“What is Miss Austin like?” she asked.
Foster was careful about his reply. He wanted Alice to understand that he was not Carmen’s lover, which needed tact; but he was her friend and must do her justice, while any breach of good taste would be noted and condemned. He did his best, without learning if he had produced the right effect, for Alice let the matter drop, as if it no longer interested her.
“Perhaps it’s a pity you helped the men who were poaching,” she said. “I’m afraid you’re fond of romantic adventures.”
“I’m sometimes rash and sorry afterwards,” Foster admitted. “However, there’s an excuse for the other thing. This is a romantic country and I’ve spent a long time in Canada, which is altogether businesslike.”
Alice gave him an approving smile, but she said, “One shouldn’t be sorry afterwards. Isn’t that rather weak?”
“I’m human,” Foster rejoined. “A thing looks different when you come to pay for doing it. It’s pretty hard not to feel sorry then.”
“After all, that may be better than counting the cost beforehand and leaving the thing undone.”
“You’re a Borderer; one of the headstrong, old-fashioned kind that broke the invasions and afterwards defied their own rulers for a whim.”

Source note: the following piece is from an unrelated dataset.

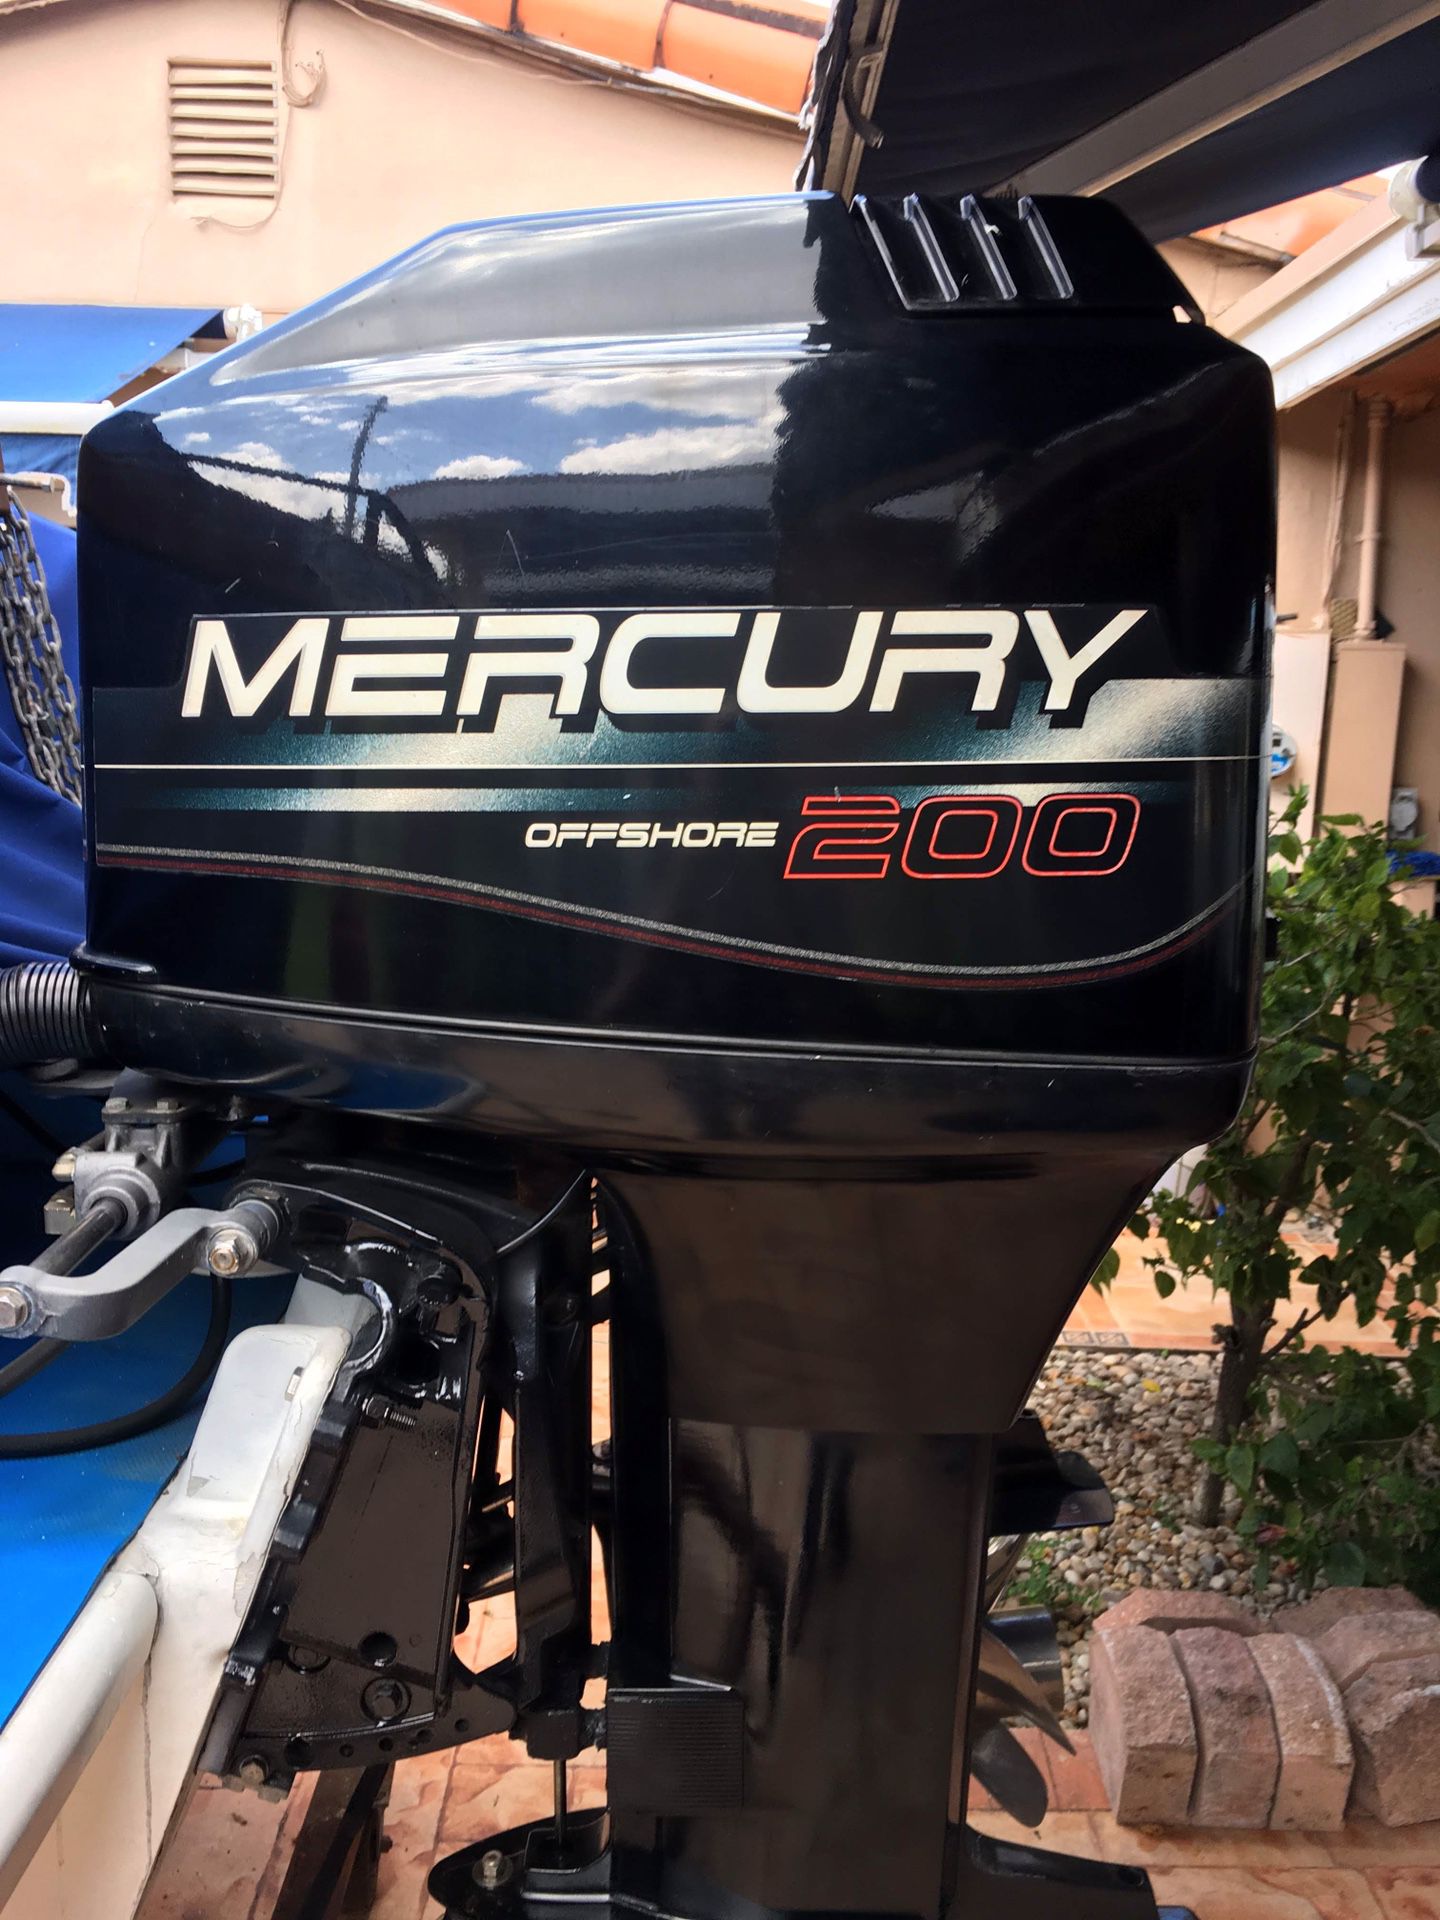 Matching pair of 1996 Mercury 200hp offshore carburated

“As a matter of fact, a number of them were very businesslike. They fought for their enemies’ cattle and the ransom of captured knights.”

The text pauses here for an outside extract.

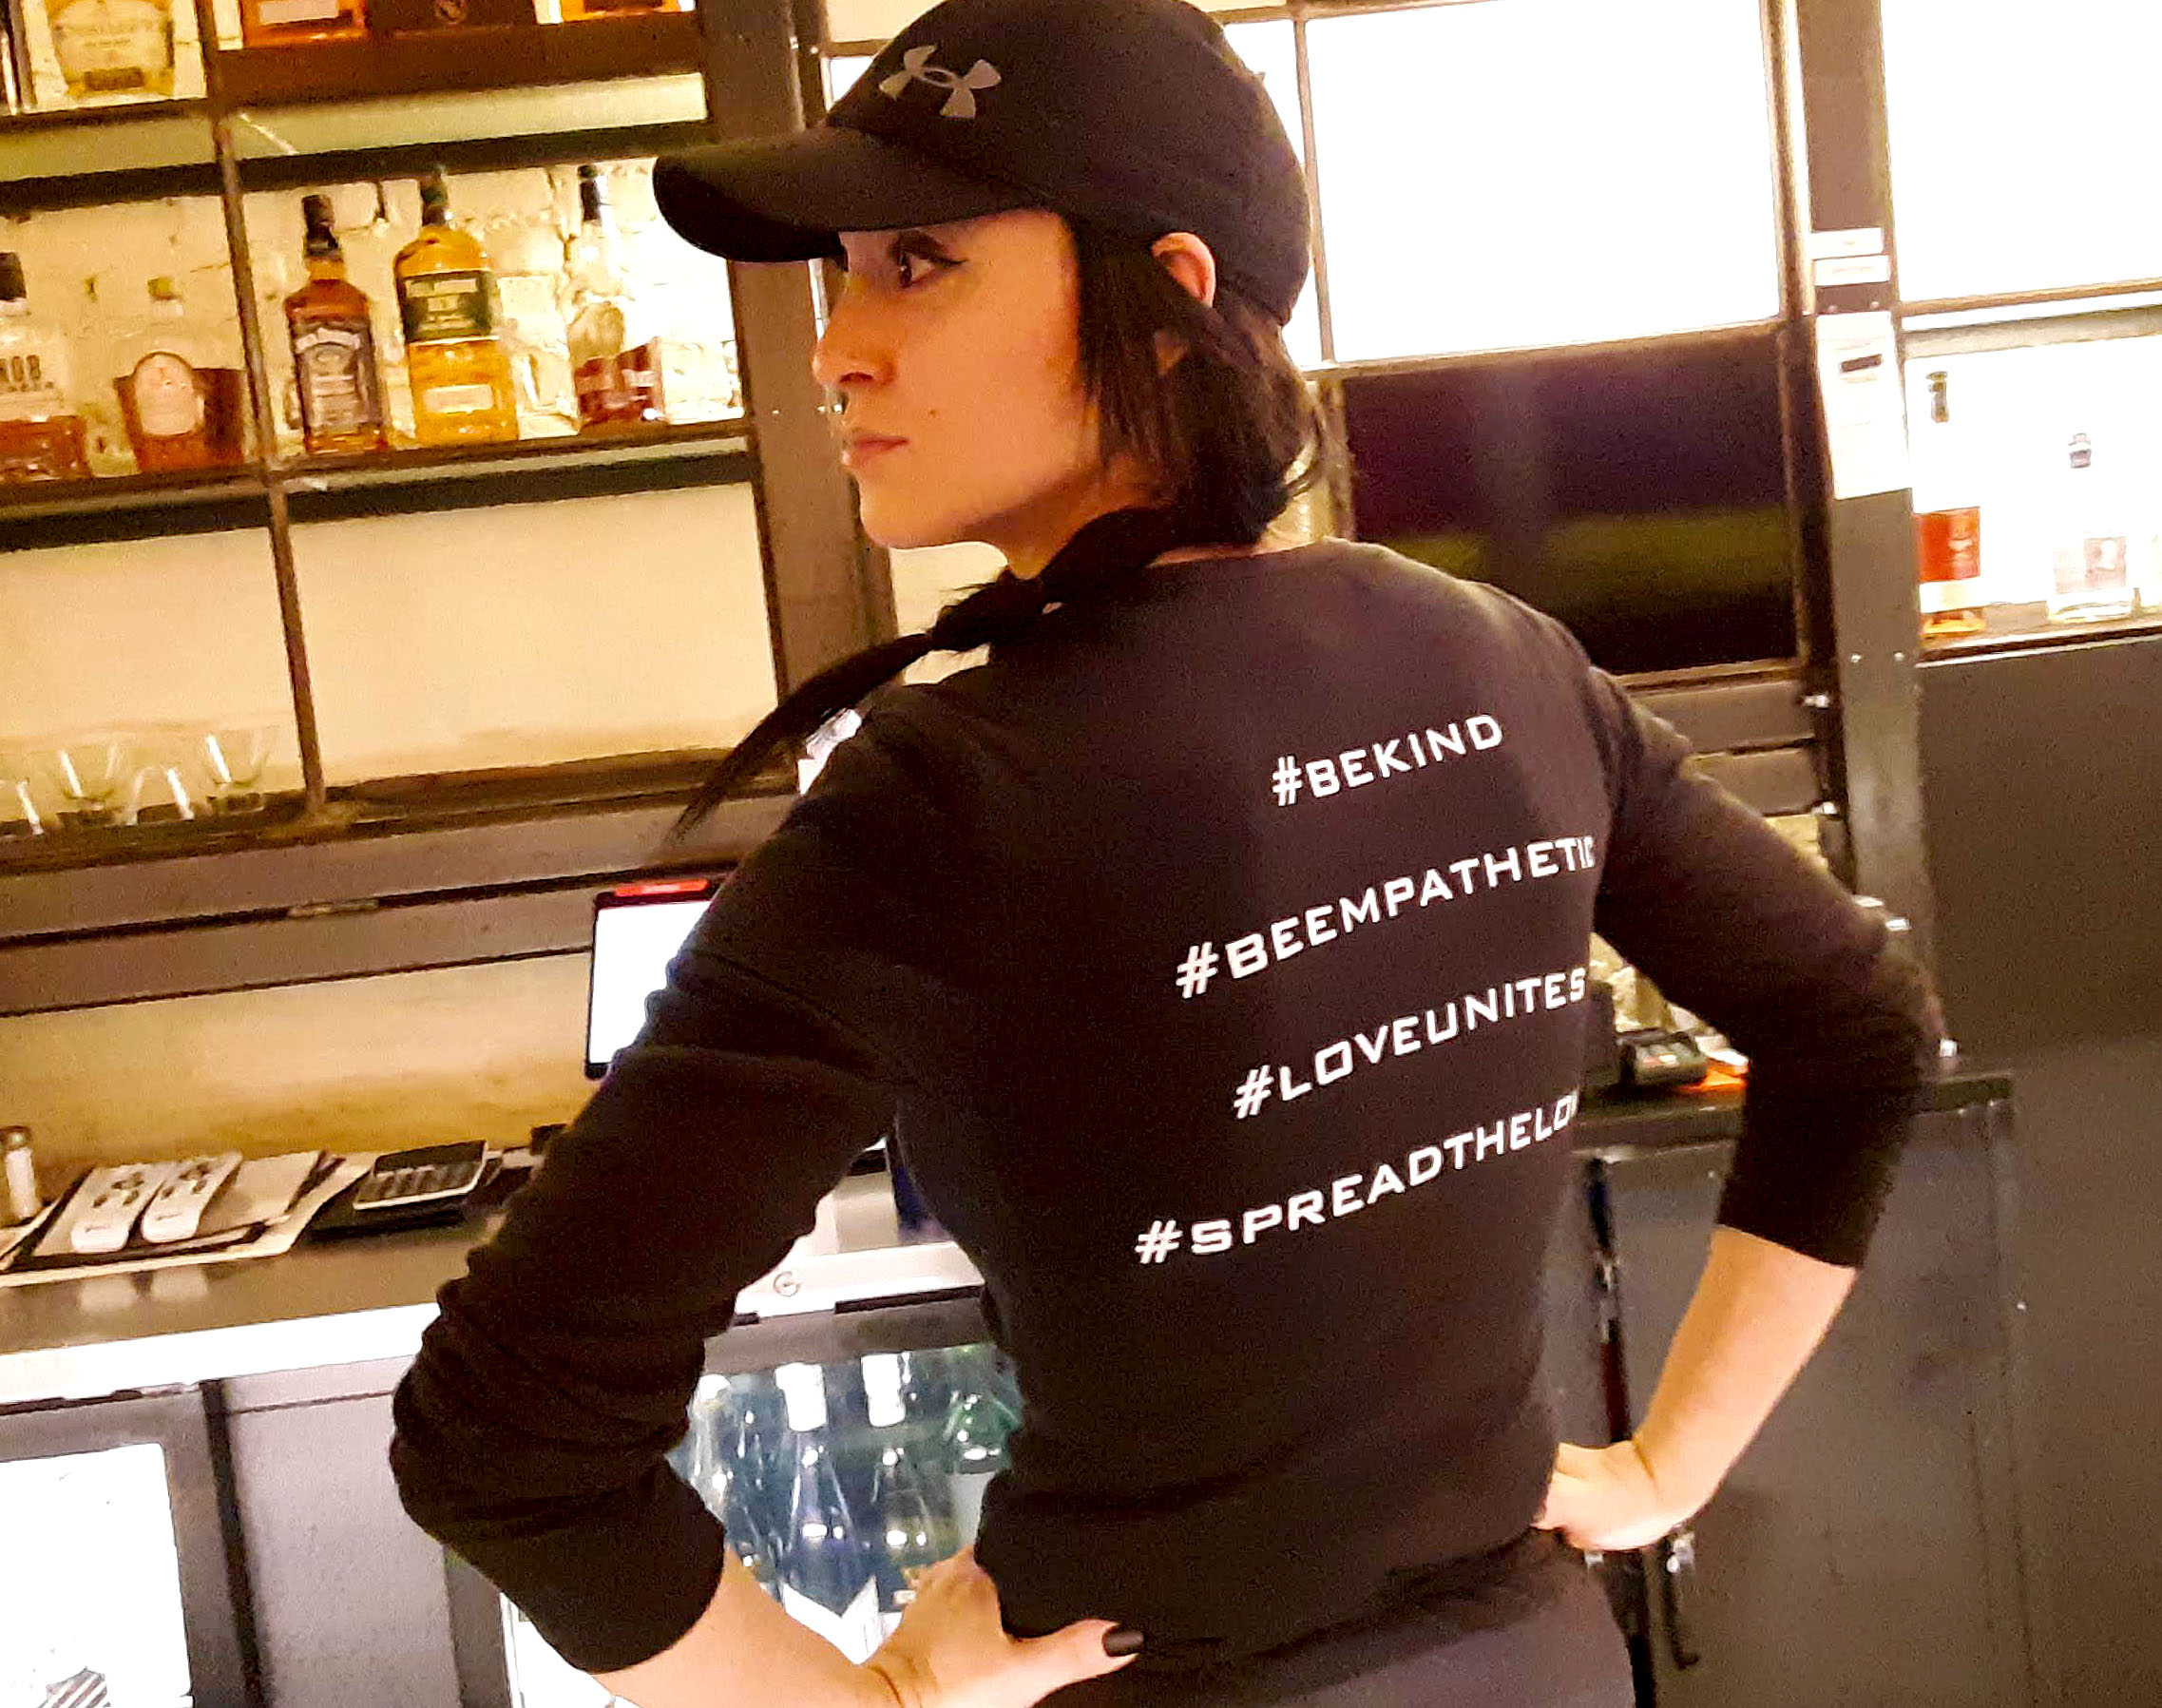 A server shows off the back of her black t-shirt with different positive hashtags. Photo by Paul Young.

“Not always,” Foster objected. “At Flodden, where the Ettrick spears all fell in the smashed squares, the Scots king came down from his strong camp to meet the English on equal terms. Then it wasn’t businesslike when Buccleugh, with his handful of men, carried off Kimmont Willie from Carlisle. There was peace between the countries and he had two offended sovereigns to hold him accountable.”
“It looks as if you had been reading something about our history,” Alice said smiling.
“I haven’t read much,” Foster answered modestly. “Still, we have a few books at the mill, and in the long winter evenings, when the thermometer marks forty degrees below and you sit close to the red-hot stove, there’s nothing to do but read. It would be hard for you to picture our little room; the match-boarding, split by the changes from heat to bitter cold, the smell of hot iron, the dead silence, and the grim white desolation outside. Perhaps it’s curious, but after working hard all day, earning dollars, one can’t read rubbish. One wants romance, but romance that’s real and has the truth in it.”
“But your own life has been full of adventure.”
“In a way, but there was always a business proposition to justify the risk. It’s good to be reckless now and then, and I’ve felt as I read about your ancestors that I envied them. There must have been some charm in riding about the moors with one’s lady’s glove on one’s steel cap, ready to follow where adventure called.”